The General Accounting
Office has reported that all friends organizations ( e.g Friends of the
Smokies and the Blue Ridge Parkway Foundation) and cooperating associations
donated about $208 million from 1997 through 2001. When added to the National
Park Foundation's (a congressionally established national philanthropy
group) $103 million in contribution for the same period, the total generated
by charitable entities was $311 million. Park philanthropies want to multiply
those sums, but have several times expressed concerns that budget offsets
can destroy the motive force of private donors, which is to provide added
value to our national parks.
But now, the tipping
point has been reached in actuality, in the NPS (National Park Service)
FY '04 budget. If not checked, the situation will worsen in FY '05 and
beyond. Specifically, the Congress's annual
increases in park operating funds (ONPS), while greatly appreciated, have
failed to keep abreast of agency costs, so that operating capacity has
decreased substantially.
In the case of the
Great Smoky Mountains National Park and the Blue Ridge Parkway , these
parks have had to canabalize themselves to maintain operations.
This paradoxical process
has resulted in: a) increases too small to pay for permanent employees;
b) the Service's raiding of other operational line items to fund raises;
c) inflationary costs; d) internal Service assessments; e) homeland security
requirements; f) and emergencies like last year's western wildfires and
the Hurricane Isabel clean-up.
The cuts occur at
a time when national park business plans, conducted by private sector
consultants, reveal already acute personnel shortages fueled by operating
shortfalls of $600 million annually. The detailed
Business Plan for the Blue Ridge Parkway, published in 2003, identified
a deficit of $10.6 million, meaning that it would take a roughly 40 percent
increase to operate the Parkway at standard.
So
where will these necessary funds come from? From Congress, more than likely,
to the extent there is a vocal and empathetic public and that funds can
be found. Philanthropy? Provided that public-spirited donors have confidence
that their contributions will be will be properly applied.
One
philanthropic industry marker whether it be a university or national park
is that the supporting partners (e.g. alumni and constituents) should
be able to generate 10% of the total operating budget of the parent institution
(for the Parkway, this would be $1.5 million annually). One recent study
(1), which examined the value of the Parkway scenery, concluded that respondents
were very willing to pay to preserve the scenic quality of the Blue Ridge
Parkway . With 20 million visits a year, the potential philanthropic capacity
is obviously huge.
Park philanthropies
are professionally organized and operated businesses that operate on the
sound principal that charity must supplement federal funds, not replace
them.

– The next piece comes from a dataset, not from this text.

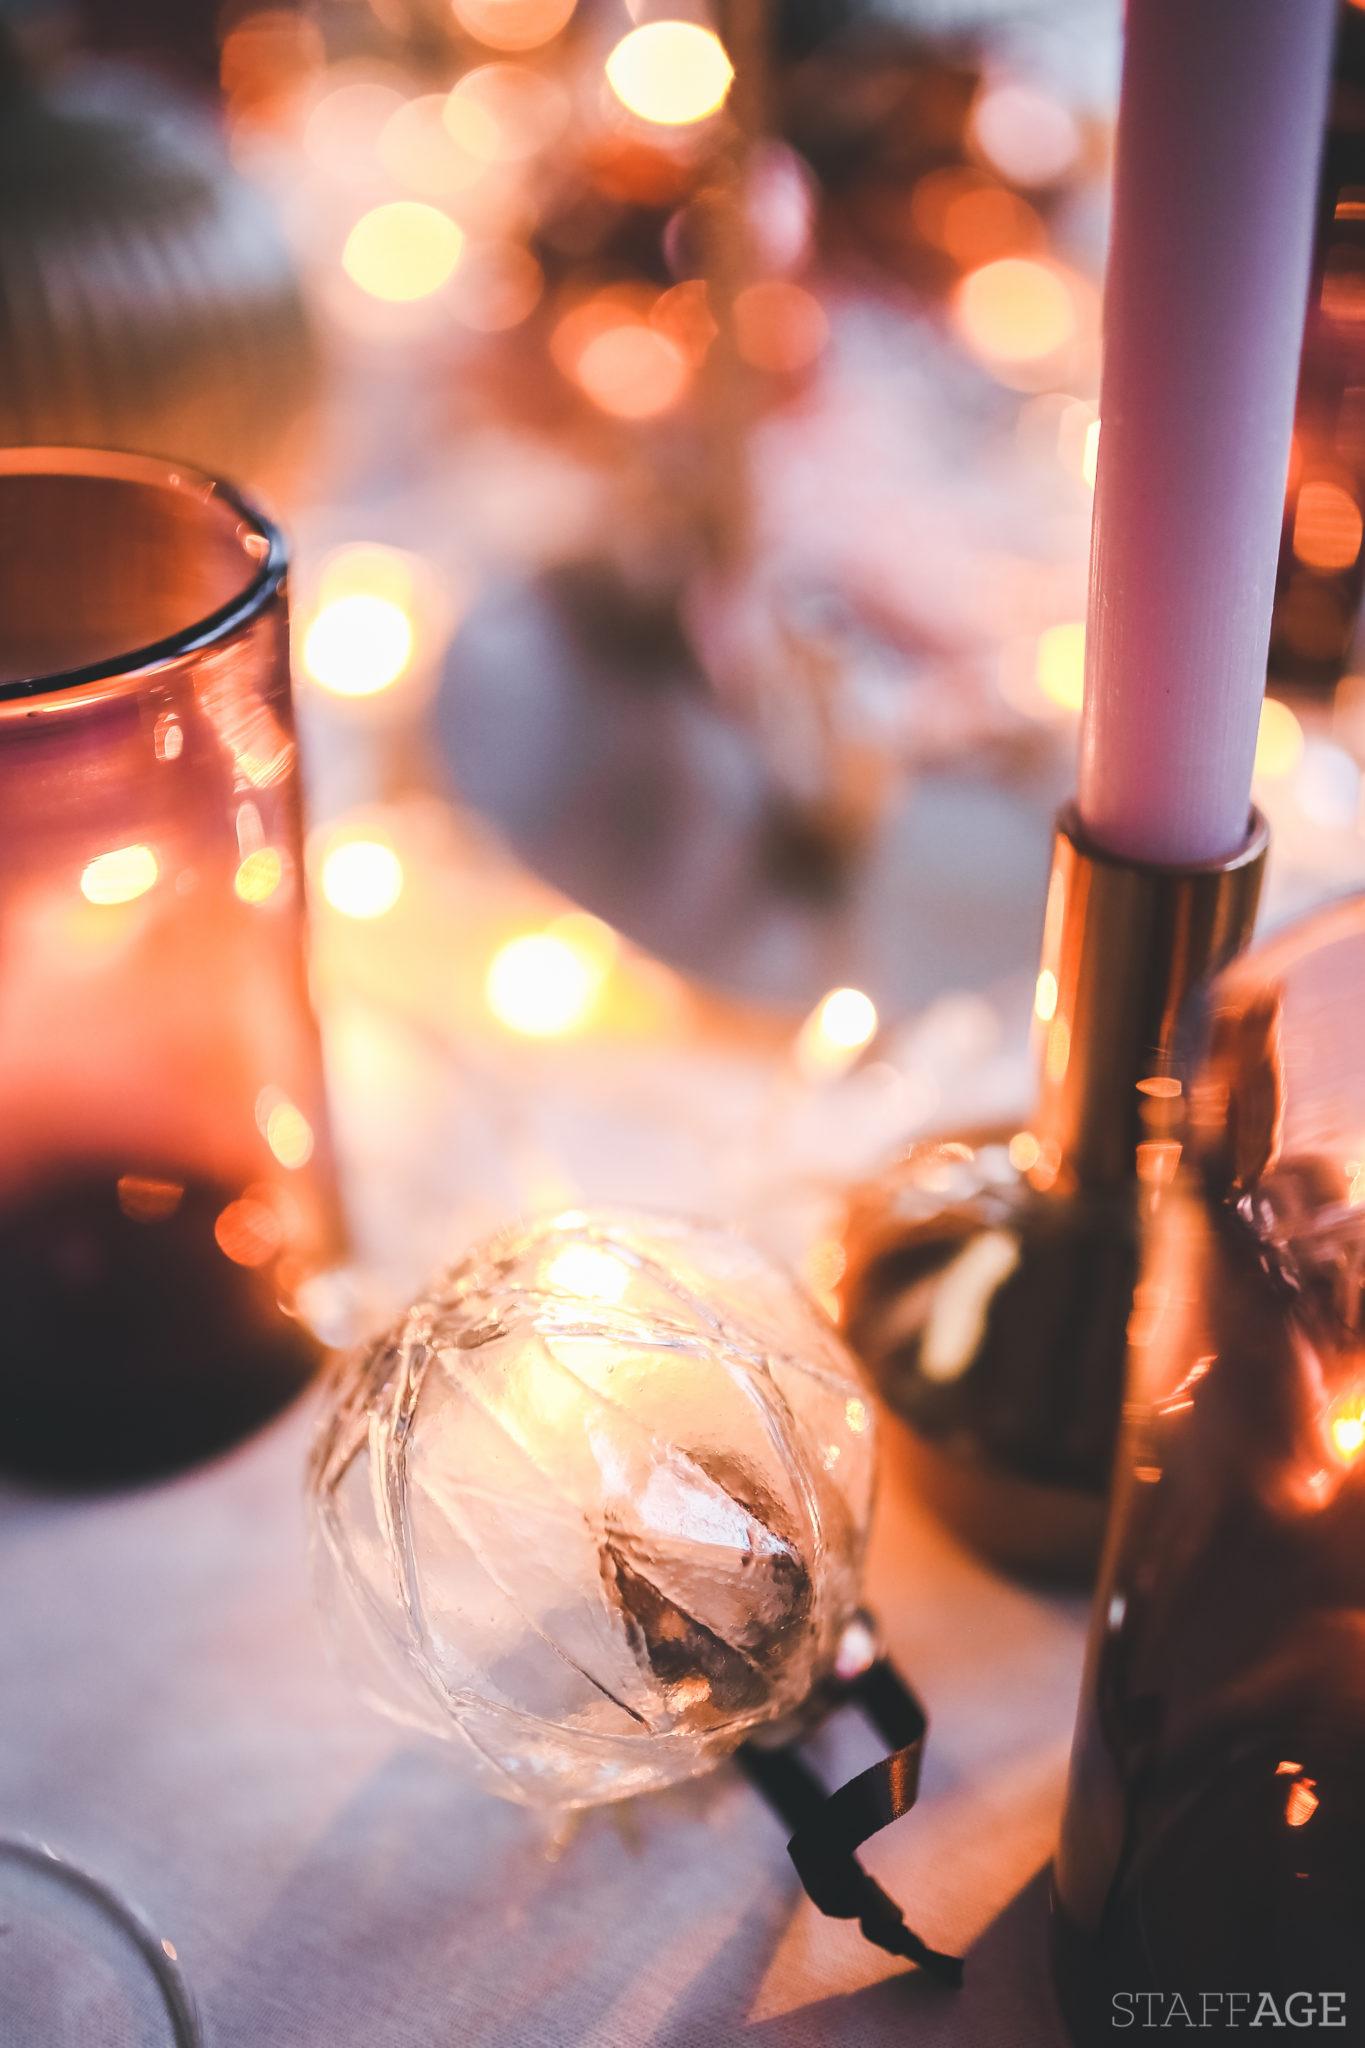 11 Staffagepl wigilijny stol pomysly na jadalnie swiateczne aranzacje chrstmas table settings ideas interior design winter flowers tableware

When the Blue Ridge Parkway Foundation was established in 1997,
an internal exercise among park staff was to record a perception of need
that could be satisfied by the Foundation' resources. Some of the items
that came back on that “want list” were boom axes, back hoes, and weedeaters
. Clearly, this is where park philanthropy should not be directed.
Park philanthropies
need to be discretionary, too, in how funds are distributed to their partner
parks. In some parks, the philanthropy organization simply writes a check,
but in others such as the Blue Ridge Parkway Foundation, fund distributions
for projects and programs must meet two criteria: the project/program
must have a lasting value; and 2) the project/program must enhance the
visitor experience.
Clearly the responsibility
for park stewardship falls on the shoulder of many – congressional representatives,
park superintendents and staff, and the public.
The greatest progress
in preserving our parks will be made when public demands good stewardship
of their park resources and makes their backyard national park a personal
investment priority.
(1) Blue Ridge Parkway
Scenic Experience Project Report Phase 2 – Final Report. Matthews, GL;
Stewart, S; Kask, S.
The Blue Ridge
Parkway Foundation is a member of the Friends Alliance, an organization
of national friend groups and foundations which support national parks.
Some of the opinions contained are inclusive of text addressed to the
Director of the National Park Service in April, 2004.